The Government Enlists Banks in its Immigration-Based Policy Drive

This short post reacts to the news today that banks and building societies are being enlisted by the British Government to check the immigration status of millions of people and take the appropriate action – essentially putting banks on the front-line in the push to reduce the levels of people living in this country without the appropriate leave to do so. The obvious question to be raised by this move is whether the banking system is the appropriate vehicle to meet this objective, and what may be the connotations for it doing so.

It was declared in the Autumn (via the Immigration Act 2016) that banks and building societies would be given a list by the anti-fraud organisation Cifas that contained the details of people who are officially liable to be removed or deported from the U.K., or who have absconded from immigration control, with the Home Office stating that the new system would be ‘fair but firm’. The design of the new system would be that banks (and building societies) would have to check almost 70 million accounts against the database on a quarterly basis, and people who are found to be matched to the database would need to have their accounts frozen and their details relayed to the Home Office for further decision. However, at the time, a former Board member of TSB, and a former Home Office employee, raised concern about this, simply stating that ‘this is in the hands of the Home Office and the banks, neither of which are exactly known for flawless execution’. The criticism continued in the ensuing months, with lawyers warning that in almost 10% of cases where an individual had been unable to open a bank account because of their immigration status, that decision had been wrong and, as another lawyer affirmed, there is a real risk that, based upon incorrect figures being included within the database, there was a real risk that innocent people would be left destitute owing the minimal avenues of recourse available; clearly, those who fall into this category will likely not have the legal funds or wherewithal to challenge these decisions in a timely enough manner. Further criticism centred on the continued outsourcing of responsibility by the Conservative Government, with the Liberal Democrat Home Affairs spokesperson suggesting that this move was nothing more than a ‘passing of the buck’. Nonetheless, the plans have developed, and today the regulatory framework that will accompany the roll-out in January was described.
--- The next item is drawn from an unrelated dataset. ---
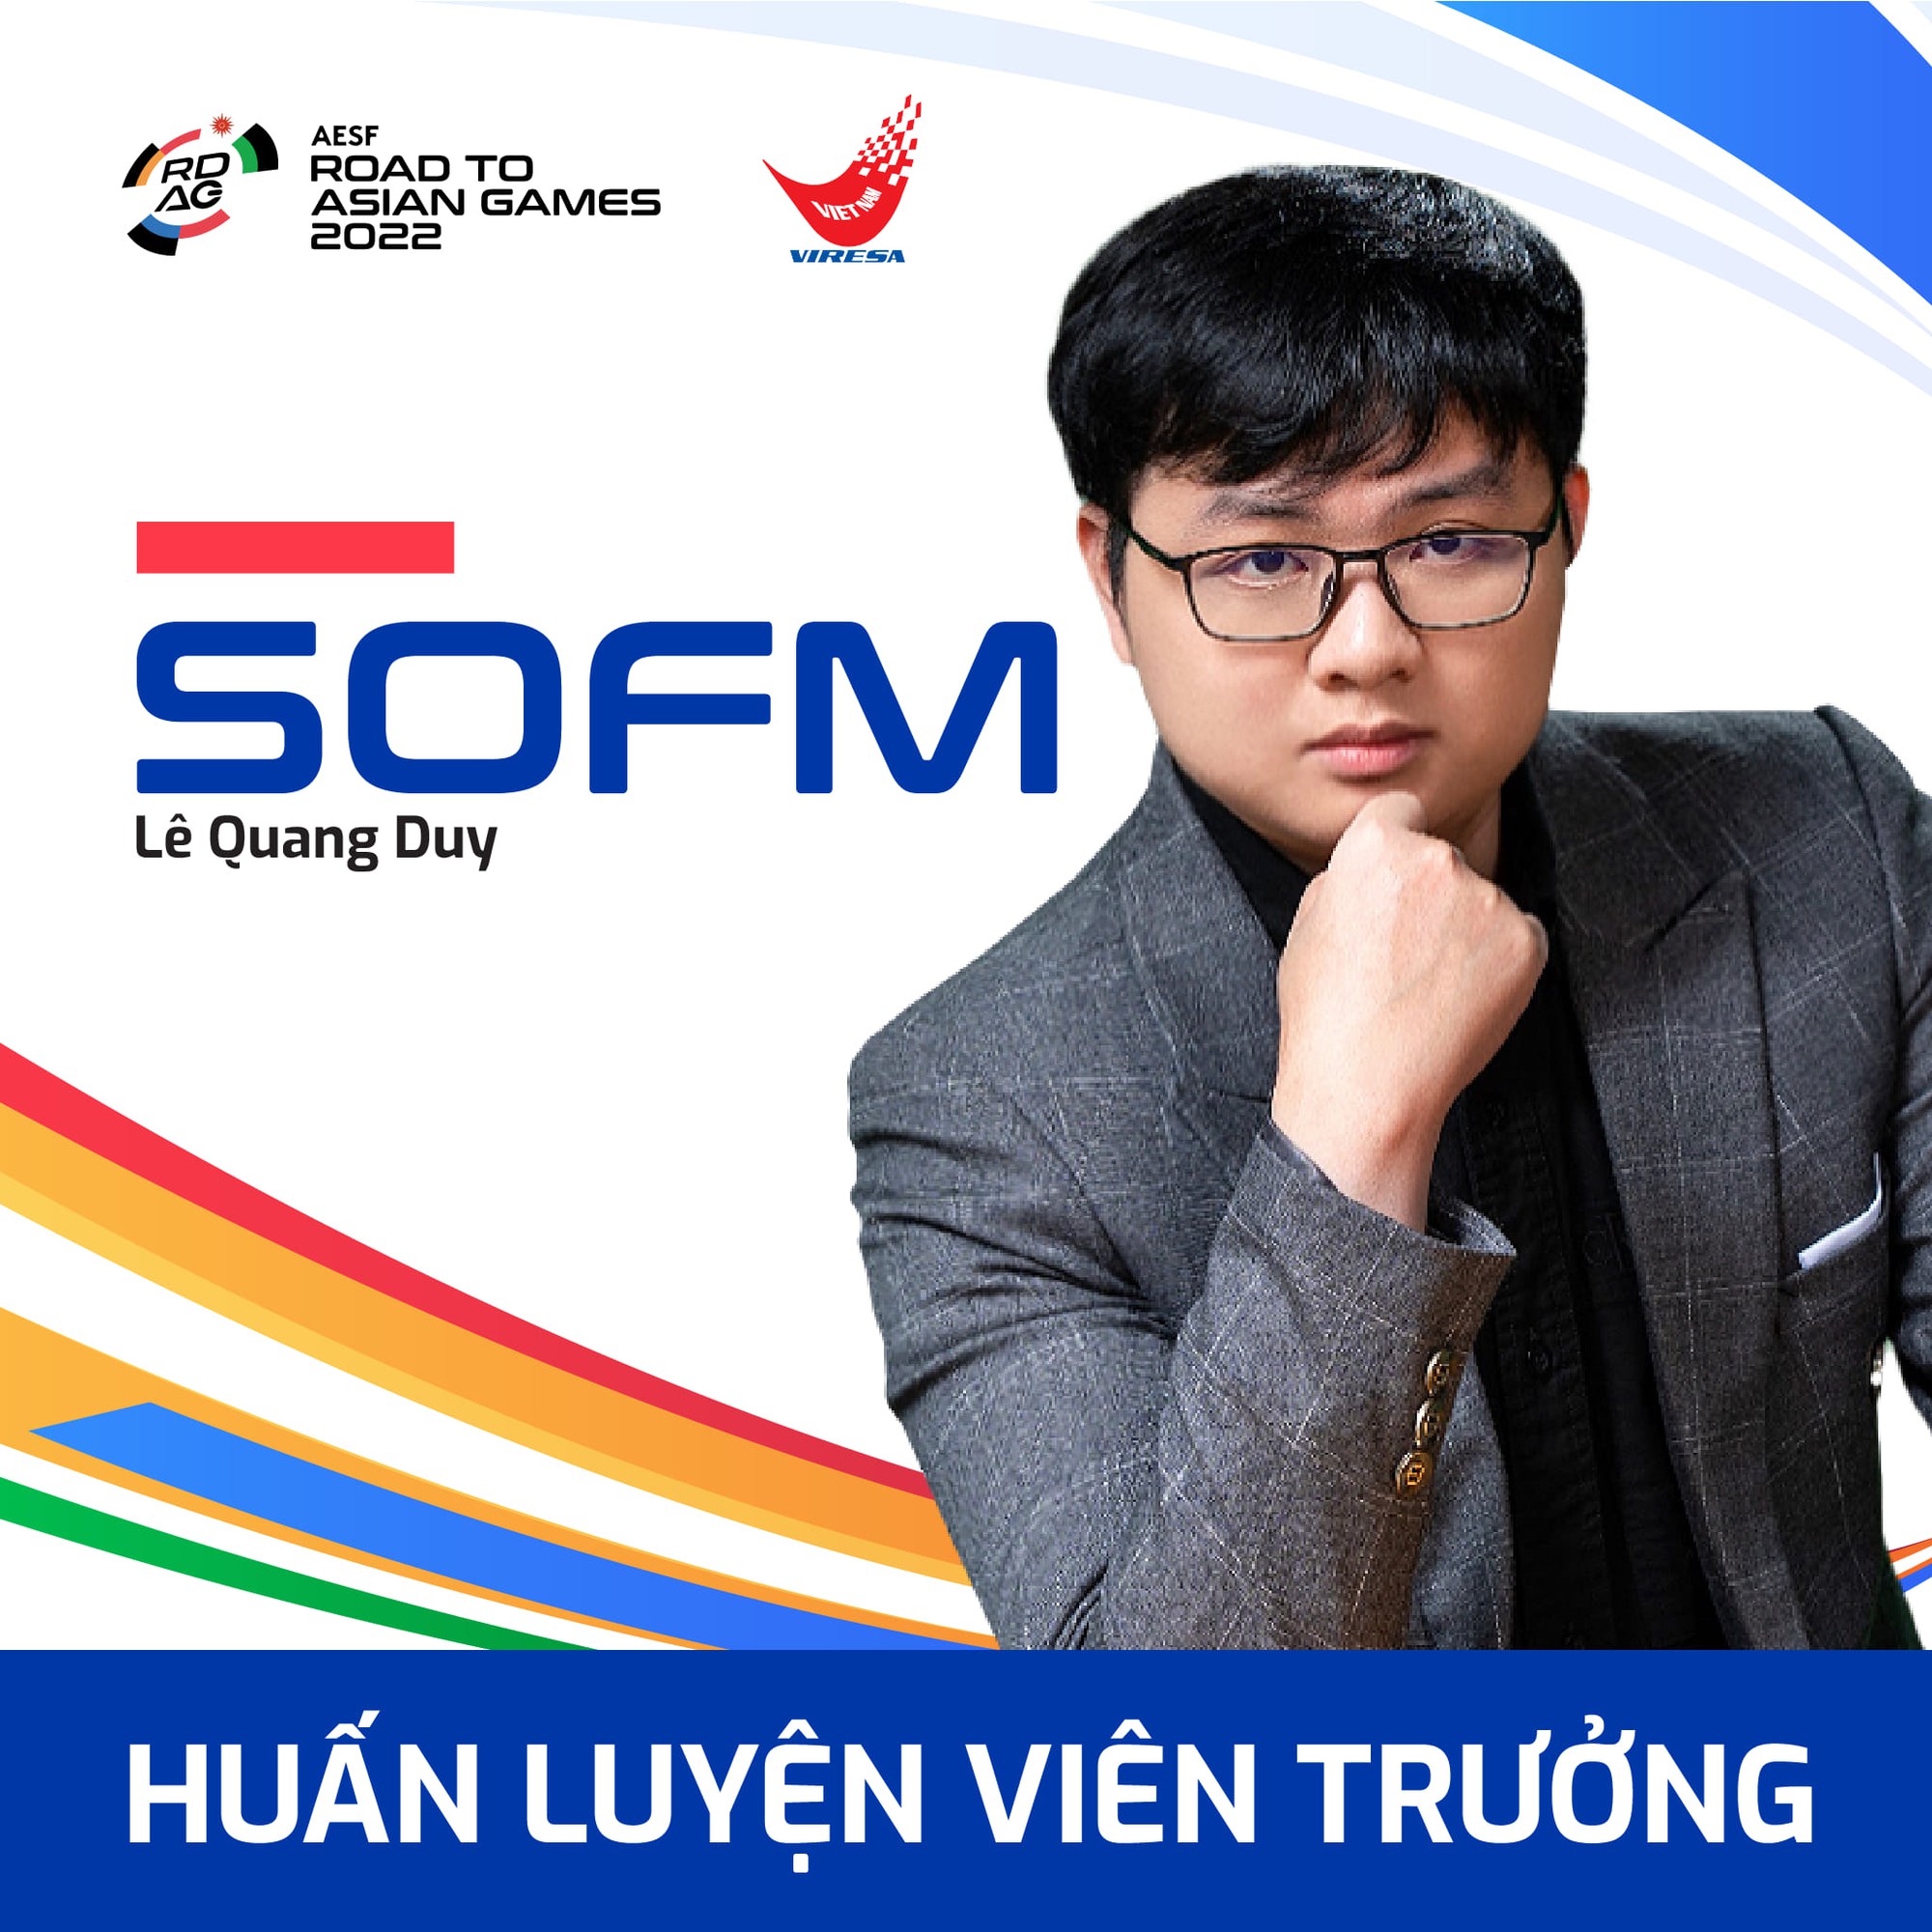 SofM được kì vọng sẽ mang lối chơi bất ngờ cho tuyển Việt Nam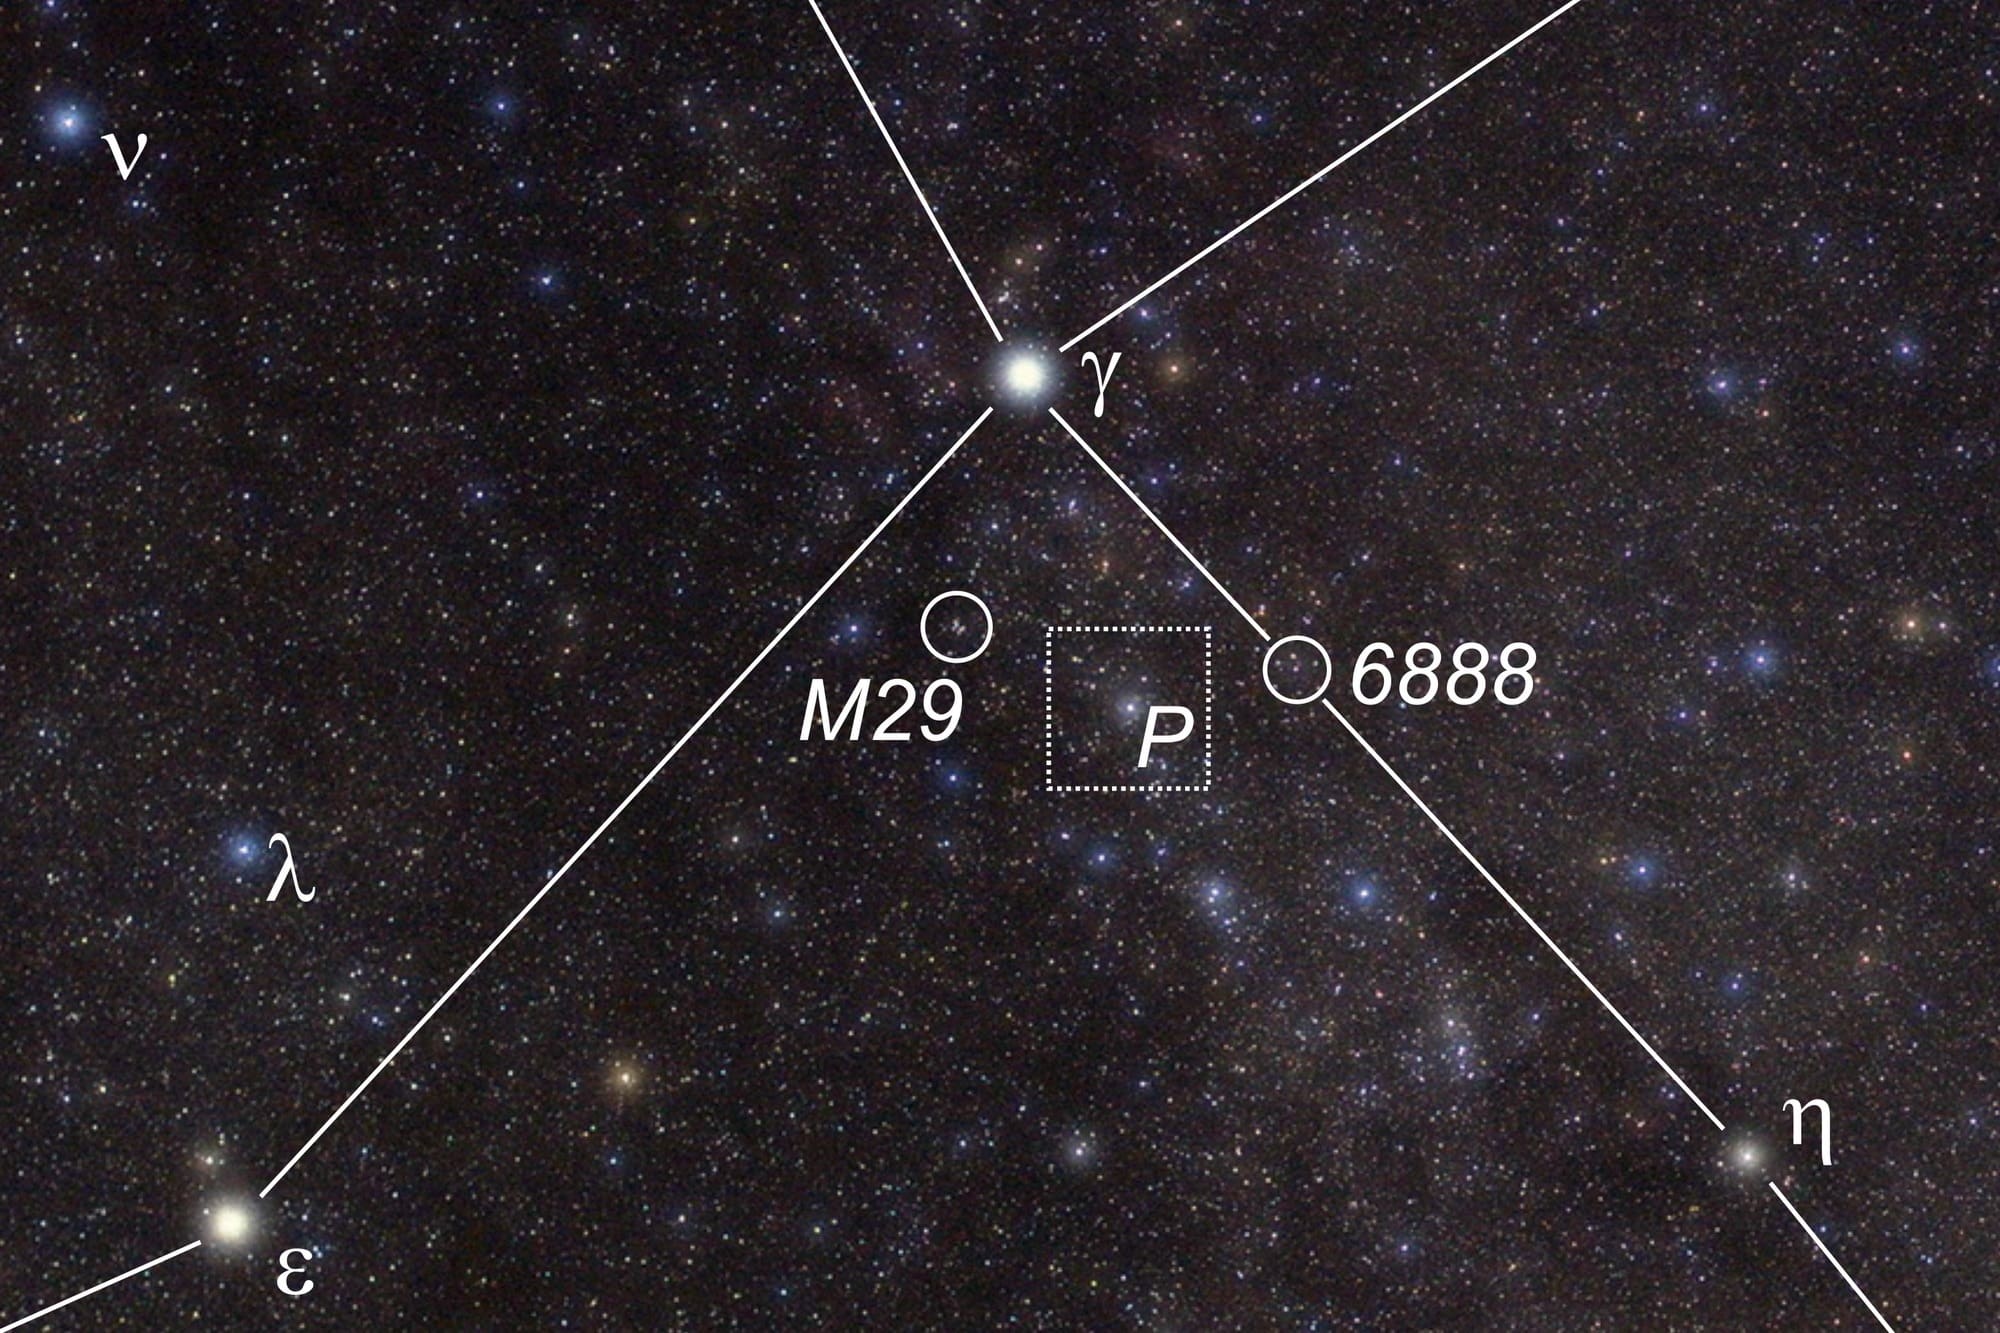 Der Veränderliche P Cygni liegt zwischen dem Sternhaufen M29 und dem Sichelnebel NGC6888

Banks and Building Societies will be tasked with this mammoth undertaking, and overseeing it all will be the Financial Conduct Authority. The initial suggestion by the government were that the institutions will be checking as many as 76 million accounts, with 6000 matches being projected in the first year and then 900 a year in following years, a process which would see fines and penalties appropriated for non-compliance or poor execution. Whilst one law firm discussed today the challenge that would emerge in relation to high net-worth individuals who often have complex citizenship arrangements, fears remain over just how this plan will be executed. However, there are larger issues at hand.

The first of these issues is that for poorer people who may fall into this category, even if incorrectly, there will be very little protection offered. There will be very little legal assistance available to those incorrectly caught by this system, with complaints likely to be resolved in a less than timely manner. Secondly, this system again demonstrates the Government’s commitment to outsourcing key policies to the private sector, with banks being forced into the role of gatekeeper in a new manner; the fundamental relationship that exists between a for-profit organisation and society is being constantly reimagined, with little regards for the mechanics that lay underneath – is it really appropriate to expect a for-profit organisation to devote adequate resources to performing this task, especially when the likelihood is that not doing so and receiving financial penalties will likely be much more profitable then actually allocating the necessary resources; this extra role on top of anti-money laundering tasks mean that it will be more prudent, technically speaking, for banks to effectively blacklist more people than it needs to, rather than taking the chance of falling foul of the regulations. If there is very little recourse available to blacklisted individuals who may be blacklisted incorrectly, then the dynamic that has been put in place in relation to checks and balances, and associated penalties, will need to be thoroughly examined. Ultimately, it is likely that this new policy will cause a lot of upset and, once again, see the public pay the price for the public-private partnership that is being consistently developed.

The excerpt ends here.